When we were kids, everyone asked us what vocation we wanted to be chained to when we grew up. Not necessarily using those words – unless you knew my hippie-dippy 8th grade English teacher too – but I’m sure you were asked. Kids always have an answer because they take the time to think about those things.
There’s a comedian who said that adults ask children what they want to be when they grow up because they’re still trying to figure it out for themselves. That’s probably not true. Adults have a tendency to sulk in the self-help aisles or on the proverbial psychiatrist’s couch rather than seriously still consider astronaut or movie star.
I think everyone assumes there are a handful of people who have figured it out already and the rest of the adults are lumped into a comfortable majority. It’s also likely that the majority are too busy worrying about their own unhappiness to care whether others are happy or not.

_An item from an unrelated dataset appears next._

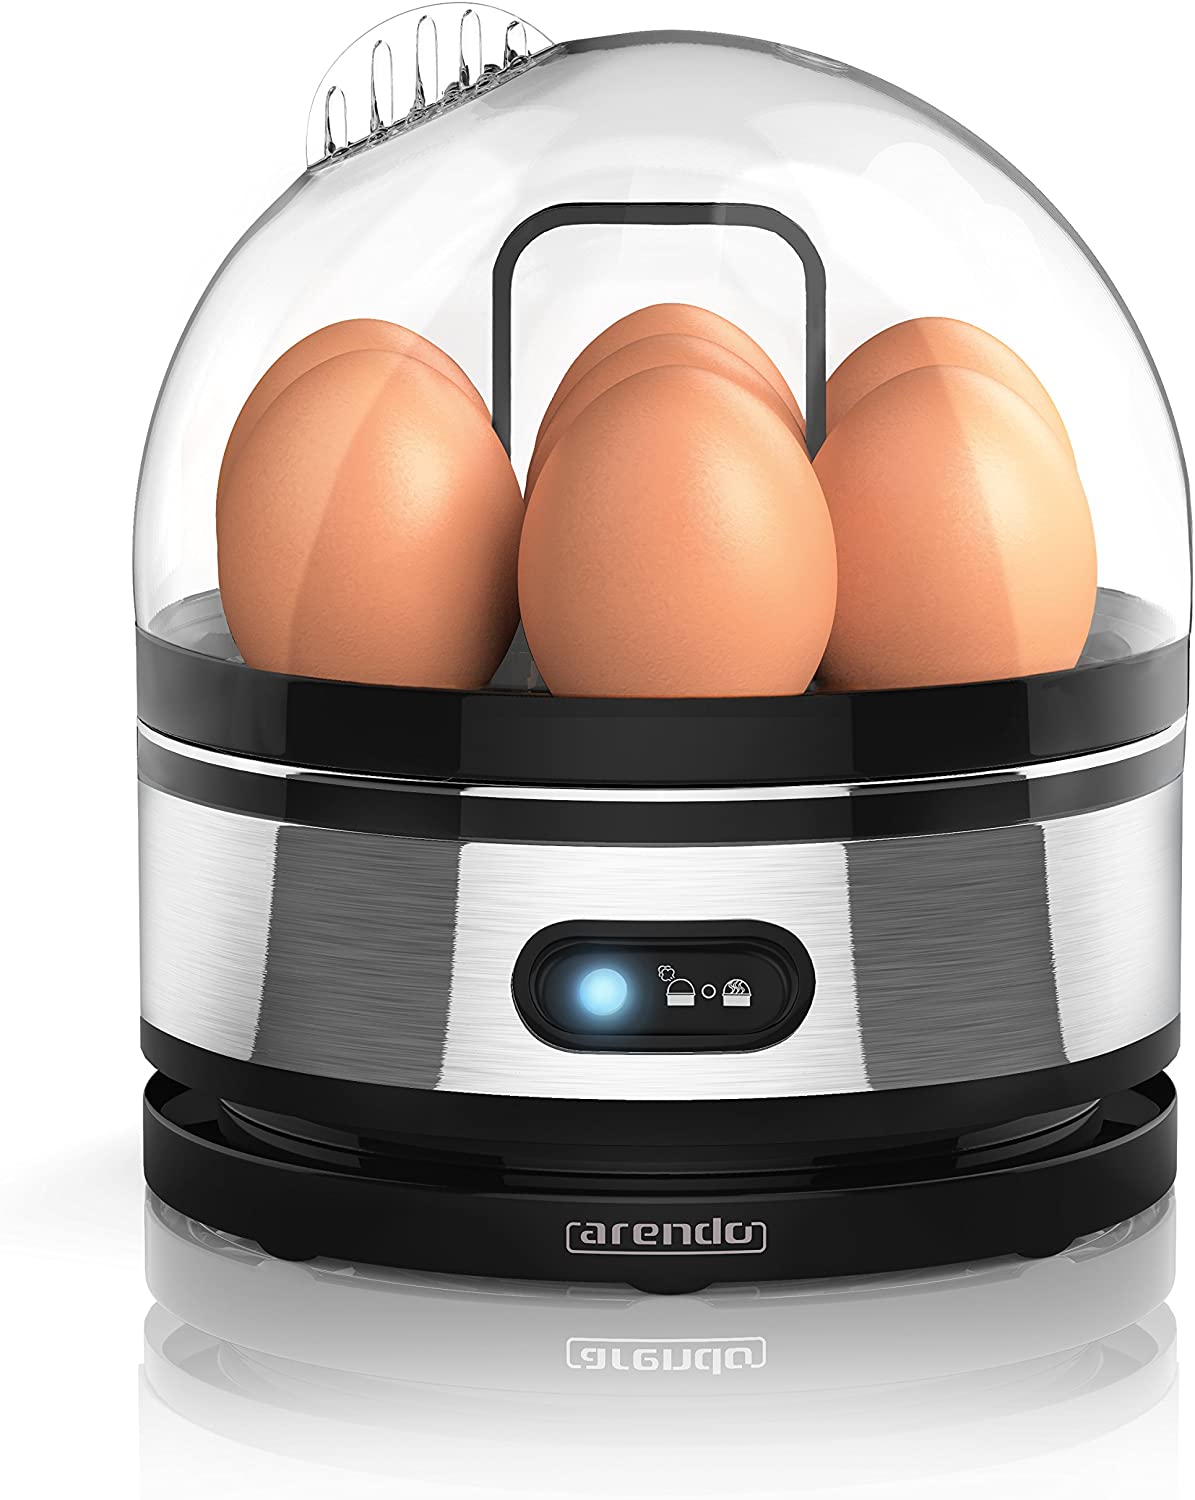 Arendo - Stainless steel egg cooker with warming function - tilt function switch with indicator light - adjustable hardness level - quenching 1-7 eggs - rust-proof, brushed stainless steel
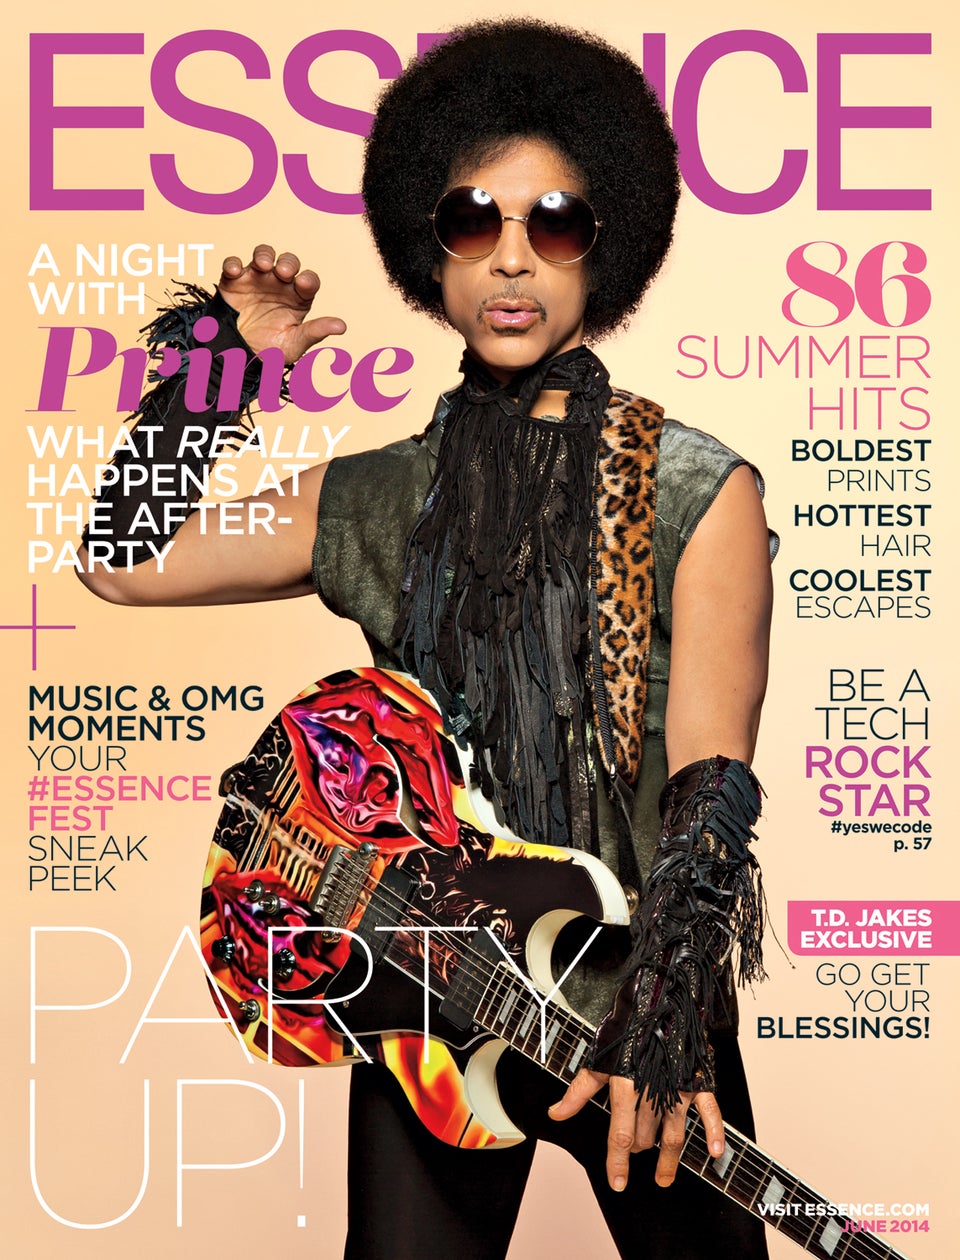 Prince Rocks the Cover of ESSENCE’s June Issue

No one asks about our future plans because what often spews out instead are regrets spackled with frustration. The answers are no longer amusing.
My son wanted to be a train conductor when he was three. When he was a year wiser he wanted to own a restaurant. I asked what happened to the train dream. He cocked his head thoughtfully and solved it immediately by saying, “I’ll drive my train to work.” Someone asked him about tracks. He said he’d have someone lay them down. Someone asked him what kind of restaurant. One with food in it, of course.
That’s the ability we need to have when we talk about our futures now. Not childlike naivety, but the ability to forge ahead when obstacles are placed and to continue to explore the possibilities as if they were facts.
That’s not to say our dreams won’t change. When I was four I wanted to be a mechanic for some inexplicable reason. I don’t like getting dirty and I’m about as mechanically inclined as that short handled tool thingy with a twisty end that mechanics sometimes use.
Somewhere along the way we give up and forget to make new goals that are suited for our present. Part of the problem is worrying about whether what we want now will still be what we want in the future. Hence the mountain of books about parachutes colors and calendars full of counseling appointments.
What we can do right now, this minute, is stop the needless worry. The underlying emotion of worry is fear. I wrote previously about fear as being either motivating or debilitating.* Only worrying about our future instead of taking action is obviously the latter.
The antidote to valid fear is courage. The antidote to irrational fear is blindly forging ahead. The two often look similar. The subtle difference is that you feel victorious after a realistic fear is overcome. An irrational fear that has been conquered makes you feel like an idiot for having the fear in the first place and, more importantly, irrational fear doesn’t stand a chance of resurfacing.
When it comes to what you really want in the future, the challenge is to get underneath the fear – or at least shove to the side – and continue on regardless.
Start with what you wanted as a child – career or otherwise – and reassess. Is that still what you want? Think about your future self five to ten years from now. Now stop thinking about your future self. Maybe you’ll want the same things, maybe not. When you were a child you couldn’t have predicted what you want now, so why try to predict what your future self will desire? Doing so creates an irrational worry. We can only work with who we are and want we want today.
So, go on. Start taking the time to review. Go past the fear.
*Some unfounded worry or fear is necessary. Unless spiders and shows about people dating naked have been removed from the world. Please let me know if this happens so I can stop wearing socks in summer and not be afraid to flip channels again.